User modeling in model-driven engineering consists of disconnected proposals covering only partial and mostly static dimensions with limited tool support.

A machine-rendered reading of the paper's core claim, the machinery that carries it, and where it could break.

The paper conducts a systematic literature review to assess user modeling in the model-driven engineering domain. It finds existing proposals to be diverse but disconnected, covering only a partial set of dimensions while emphasizing easier-to-profile characteristics and treating most as fixed rather than dynamically evolving with user interactions. Tool support remains narrow and focused on initial model creation. The authors propose a roadmap calling for community agreement on a unified reusable user model, machine learning methods for automatic incremental profile derivation from interactions, and automated pipelines to transform profiles into application adaptations that personalize software to user needs.

Core claim

Results show a diverse set of disconnected proposals, covering a partial number of dimensions with an emphasis on those characteristics that are easier to profile. Moreover, most dimensions are regarded as fixed instead of allowing their dynamic evolution during the interaction with the software application. Tool support is rather limited, mostly restricted to enabling the creation of the user models itself. The roadmap calls for a unified and re-usable user model covering the superset of all dimensions plus others from domains such as sociology, ML-based proposals to automatically and incrementally derive user profiles from interactions, and automatic pipelines to transform user information

What carries the argument

systematic literature review that maps proposals by dimension coverage, dynamism and tooling to identify gaps and motivate a unification roadmap

If this is right

  • Community consensus on a unified user model would combine the full range of dimensions from existing literature with additions from other fields.
  • ML-based techniques would automatically derive and update user profiles incrementally from interaction data.
  • Automatic pipelines would convert user profiles into concrete adaptations that personalize applications to individual needs.
  • Allowing dimensions to evolve dynamically would support ongoing adaptation during software use rather than one-time profiling.

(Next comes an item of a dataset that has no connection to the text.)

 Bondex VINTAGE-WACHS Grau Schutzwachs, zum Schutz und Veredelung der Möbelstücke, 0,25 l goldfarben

Where Pith is reading between the lines

These are editorial extensions of the paper, not claims the author makes directly.

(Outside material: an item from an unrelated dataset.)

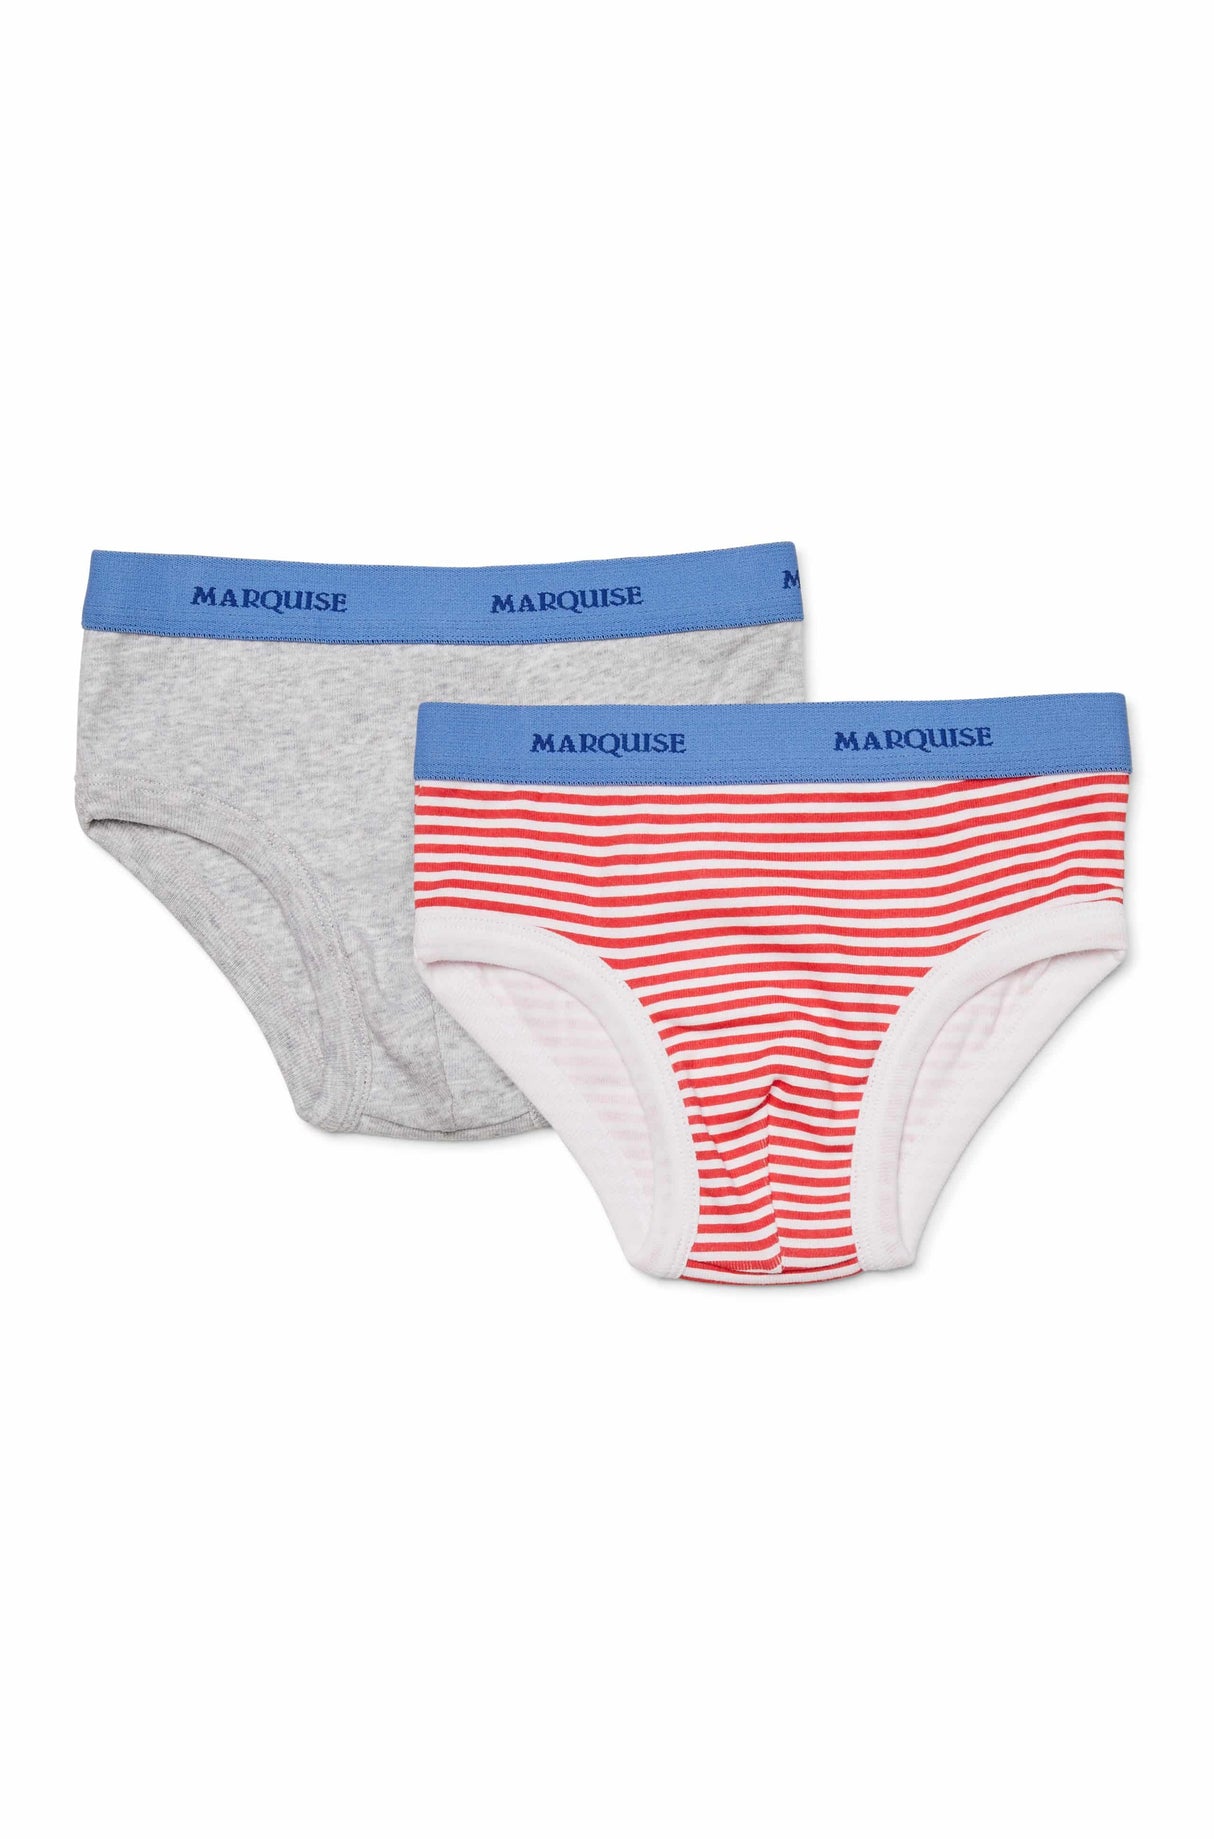 Boys Red Stripe & Grey Marle Underwear 2 Pack

  • The low-code emphasis in the paper title suggests the roadmap could be delivered through model-driven tools that abstract profile management and adaptation logic.
  • Applying the automatic pipelines to conversational agents would enable runtime personalization of responses and flows based on evolving user profiles.
  • Incorporating sociological dimensions into the unified model could reveal user traits overlooked in current MDE work.

Load-bearing premise

The systematic literature review is comprehensive and the identified gaps accurately represent the field so that the roadmap directions can be advanced without further validation.

What would settle it

A new survey locating many integrated, dynamic user modeling proposals with robust tooling or an implementation of the ML pipelines and unified model showing no personalization gains would challenge the findings.

Figures

Figures reproduced from arXiv: 2605.02384 by Aaron Conrardy, Alfredo Capozucca, Jordi Cabot.

Figure 1
Figure 1. Figure 1: Overview of steps of low-code personalized agent creation pipeline view at source ↗
Figure 2
Figure 2. Figure 2: High-level view of user metamodel from [9] view at source ↗
Figure 3
Figure 3. Figure 3: Paraplegic user profile model in graphical notation view at source ↗
Figure 4
Figure 4. Figure 4: Agent and agent profile metamodel view at source ↗
Figure 5
Figure 5. Figure 5: Graphical agent model representing the gym assistant agent view at source ↗
Figure 6
Figure 6. Figure 6: Form-based configuration specification 3.4 Linking the models In a final step, the personalization model needs to be mapped to the affected base agent model and target user profile, illustrated in view at source ↗
Figure 7
Figure 7. Figure 7: Prompt for concise sentence generation view at source ↗
Figure 8
Figure 8. Figure 8: Process for nondeterministic personalization aspects view at source ↗
Figure 9
Figure 9. Figure 9: Profile picker and chat with personalized agent for paraplegic user view at source ↗
read the original abstract

In this paper, we conducted an SLR on the state of user modeling in the MDE domain. Results show a diverse set of disconnected proposals, covering a partial number of dimensions with an emphasis on those characteristics that are easier to profile. Moreover, most dimensions are regarded as fixed instead of allowing their dynamic evolution during the interaction with the software application. It is also worth noting that tool support is also rather limited, mostly limited to enabling the creation of the user models itself. The roadmap we hope to see in this area stems from the discussion points seen above. For instance, we believe the community should agree on a unified and re-usable user model, covering the superset of all dimensions present in the literature. Plus additional ones we could learn from user profiling in other domains (e.g. sociology). On the technical side, we expect to see a new generation of ML-based proposals to automatically and incrementally derive a user profile from the analysis of user interactions and a number of automatic pipelines able to transform the user information in concrete application adaptations that personalize the application to cater to the user's needs and profile.

Editorial analysis

A structured set of objections, weighed in public.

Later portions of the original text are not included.